Stalling Economic Growth Driven by Uncertainty
The U.S. economy is facing a period of deceleration due to aggressive and dynamic trade policies, fiscal instability, and continued disruptions to the labor market. Tariffs, for example, which are currently around a 15% effective rate, are increasing costs across trade-related sectors and inhibiting temporary staffing hours growth as a result. While U.S. economic and political uncertainty has subsided somewhat since Q1 of 2025, it remains a direct influence on the state of the economy as geopolitical tensions have yet to ease. Experiencing similar volatility, the strength of the labor market has been dynamic throughout the year and is not expected to last as both unemployment and inflation are on pace to exceed a 4% seasonally-adjusted annual rate by year-end.

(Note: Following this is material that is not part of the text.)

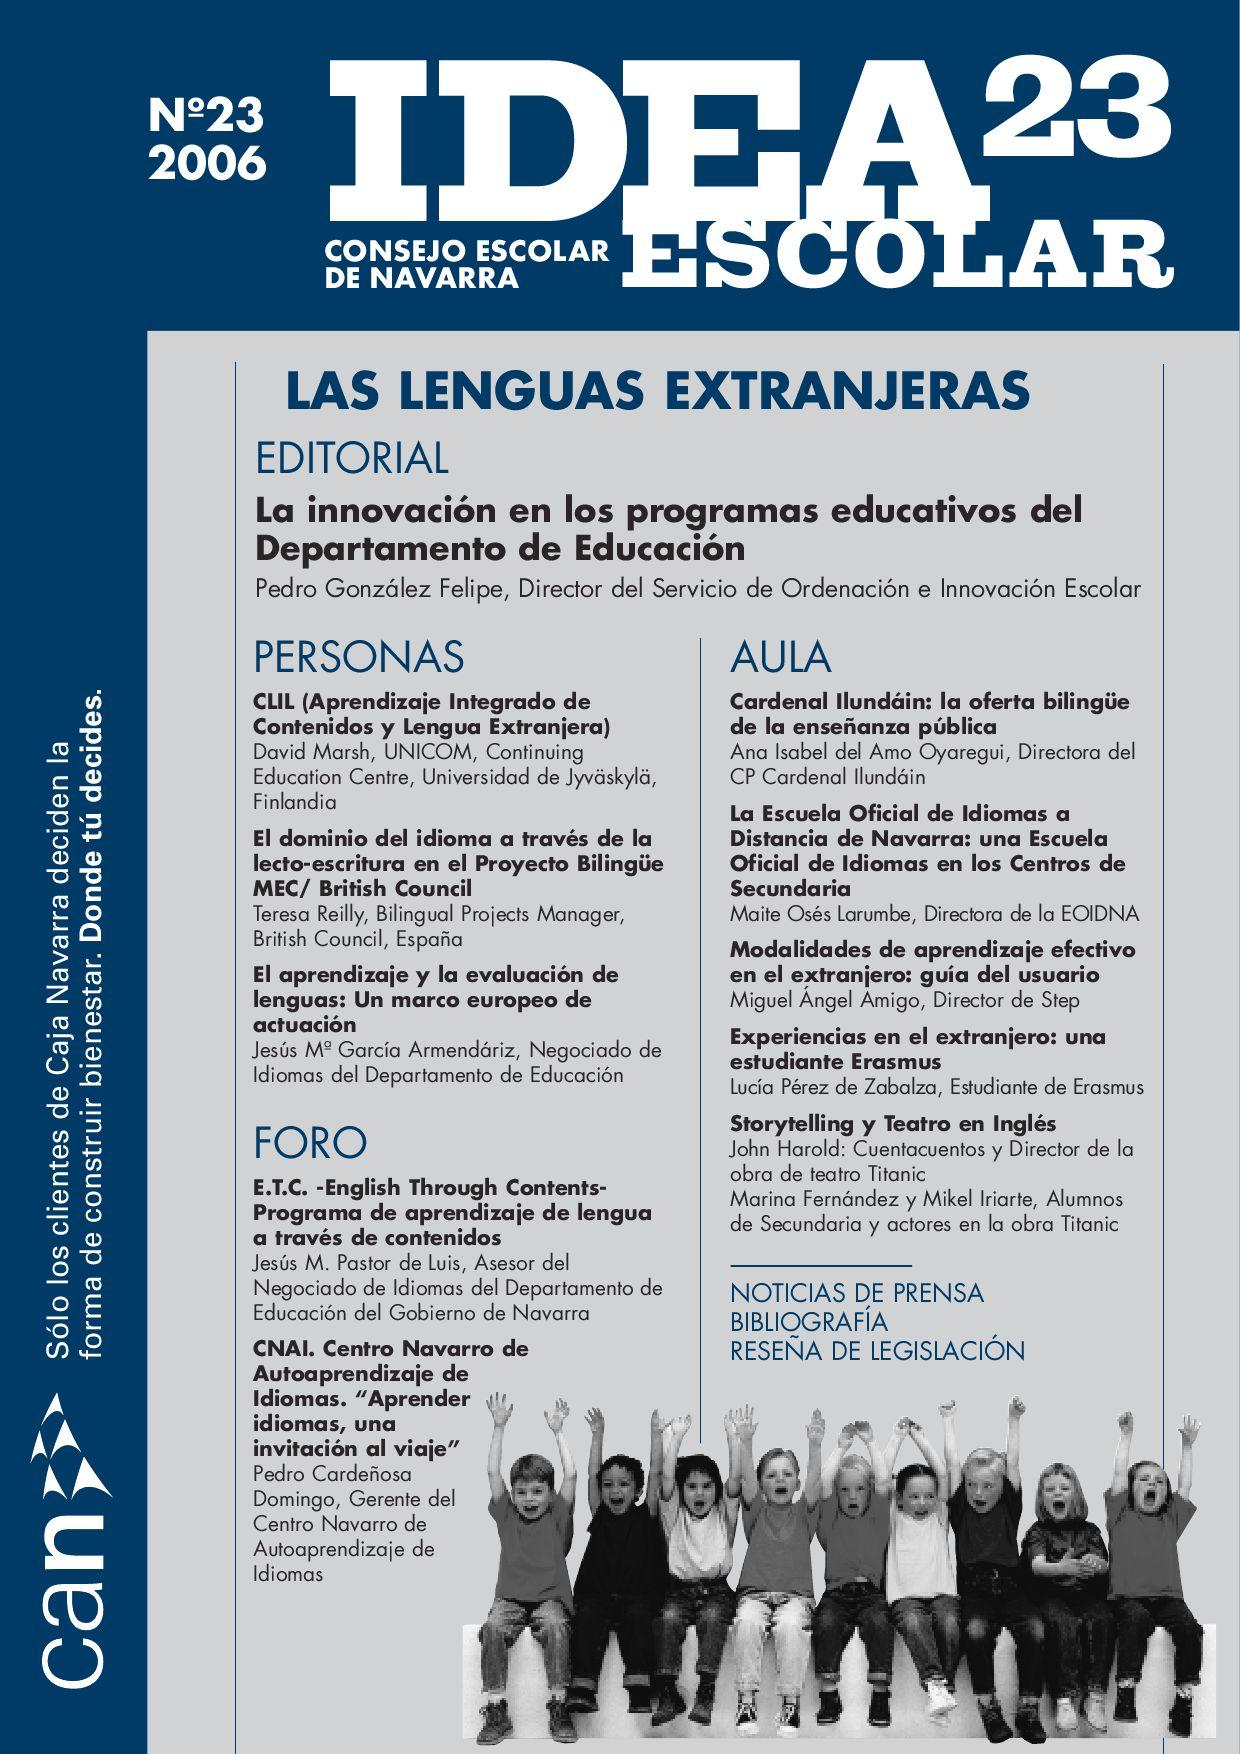 Las lenguas extranjeras by Consejo Escolar de Navarra CENavarra - issuu

Subtle Bounce Back Anticipated in 2026
Industry experts remain optimistic that some degree of bounce back is likely in 2026, primarily driven by the stabilization of U.S. policy following a turbulent 2025. A conservative 2% growth in the U.S. Staffing market size is predicted for next year, with a similar trajectory assumed for 2027-2030. Annual wage growth in temporary staffing, paired with the growth of outsourcing services such as SOW consulting, independent contractors, and staffing platform technologies, is anticipated to offset volume declines in staffing hours. GDP growth, which is anticipated to remain between 1-2% in 2026, is another indicator of the subtle growth forecasted across the Human Capital Management space as the U.S. labor market begins to stabilize.